1969 Rewind: Game One Hundred Nineteen

MINNESOTA 4, WASHINGTON 3 IN WASHINGTON (13 INNINGS)

Date:  Sunday, August 17.

Batting stars:  Ted Uhlaender was 2-for-5 with a stolen base, his thirteenth.  Cesar Tovar was 2-for-5.  Tony Oliva was 2-for-6 with two walks.  Harmon Killebrew was 1-for-4 with a two-run homer (his thirty-second) and two walks.

Pitching stars:  Tom Hall pitched eight innings of relief, giving up one run on two hits and three walks and striking out five.  Ron Perranoski pitched three innings, giving up one run on four hits and two walks and striking out two.

Opposition stars:  Joe Coleman pitched eleven innings, giving up three runs on five hits and five walks and striking out five.  Frank Howard was 1-for-4 with two walks.  Ken McMullen was 1-for-4 with two walks.

The game:  Not that 4-3 is high-scoring, but it was even more of pitchers' duel than that sounds like.  In the second, Ken McMullen walked and Bernie Allen singled, putting men on first and third with none out.  The Senators scored only once, on a Paul Casanova ground out, to take a 1-0 lead.  Johnny Roseboro opened the Twins third with a walk.  Bob Allison, pinch-hitting for Twins starter Dean Chance, bunted him to second and Uhlaender singled him home to tie the score 1-1.

It stayed 1-1 for quite some time.  Washington loaded the bases in the third.  The Twins put men on first and second in the fourth.  The Senators put men on first and second in the fifth.  The Twins got a man to second in the eighth.  But the game stayed tied 1-1, going into extra innings.

In the eleventh, Oliva hit a one-out single and Killebrew followed with a two-run homer, putting the Twins up 3-1.  Hall, who had come in to start the third inning, was still in there starting the eleventh, but came out after giving up a single to Howard to start the inning.  Ron Perranoski came in and it still looked good for the Twins.  He walked Mike Epstein, however, and gave up a single to McMullen.  Tim Cullen hit into a double play, making the score 3-2 but putting the Twins one out away from victory.  But Eddie Brinkman singled tying the score 3-3 and they played on.

In the thirteenth, the Twins started with consecutive singles by TovarUhlaender, and Oliva, making the score 4-3.  Killebrew walked, loading the bases with none out.  The Twins could do no more, however, and carried the precarious 4-3 lead to the bottom of the thirteenth.  Cullen got a one-out single, putting the tying run on base.  He did not advance, however, as Brinkman and Casanova each hit into forceouts to end the game.

WP:  Perranoski (8-6).  LP:  Dennis Higgins (9-9).  S:  None.

Notes:  Tovar was again at second with Uhlaender in center.  Graig Nettles played left.  In the eleventh, after the Twins took the lead, Frank Quilici came in to play third base, with Killebrew moving to first and Reese to left.  Another option would've been to put Quilici at second and Tovar in center.  It seems like that might have been better, although I certainly can't prove it.

Reese was 0-for-5 with a walk, making his average .337.  Oliva was batting .322.  Perranoski's ERA was 2.01.

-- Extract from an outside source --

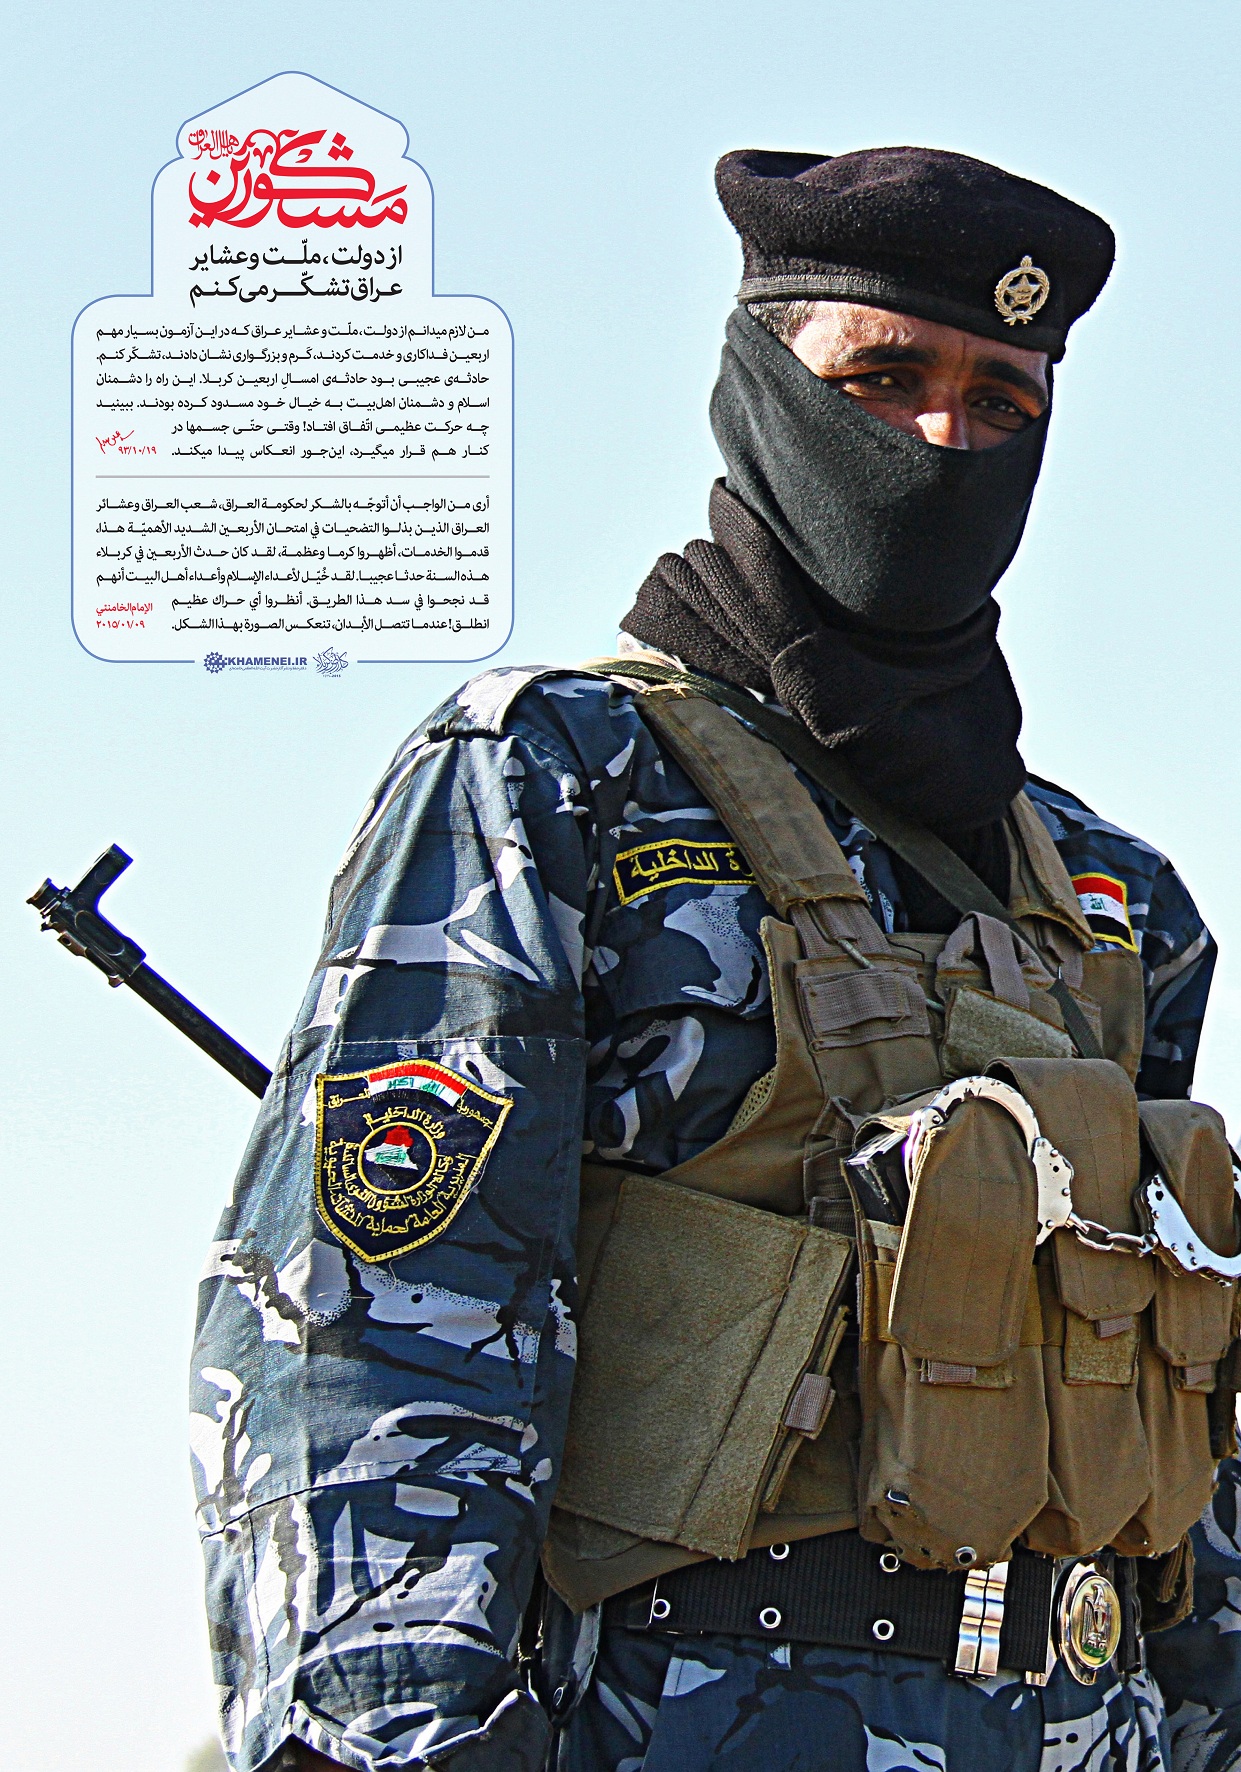 مجموعه پوسترهای "مشکورین" / مجموعه پوستر تشکر رهبر انقلاب از ملت و عشایر و دولت عراق

One assumes Chance was still having injury problems, as there was no apparent strategic reason for taking him out of the game.  He would go to the bullpen after this game, making three relief appearances before returning to the rotation on September 1.

Hall had just pitched a complete game on August 13, so an eight-inning stint wasn't out of the question for him.  I wonder, though, when the last time is someone pitched eight innings of relief in a game.

I also wonder when the last time is that someone pitched eleven innings, the way Coleman did in this game.

The two teams combined to strand twenty runners and went a combined 4-for-23 with men in scoring position.

I don't have time to do a full profile of Coleman, but he was a fine pitcher for Washington from 1968-1970.  He went 32-41 because the Senators had a lousy team, but he had an ERA in the low-to-mid threes each year and pitched over 200 innings a season.  He then went to Detroit, got some run support, and went 62-38 from 1971-1973, winning twenty games twice while being pretty much the same pitcher he had been in Washington.  He struggled for a few years, had a couple of good years as a reliever (1977-1978), and was done after the 1979 campaign.  For about six years, though, he was a really good major league starting pitcher.

Record:  The Twins were 71-48, in first place in the American League West, two games ahead of Oakland.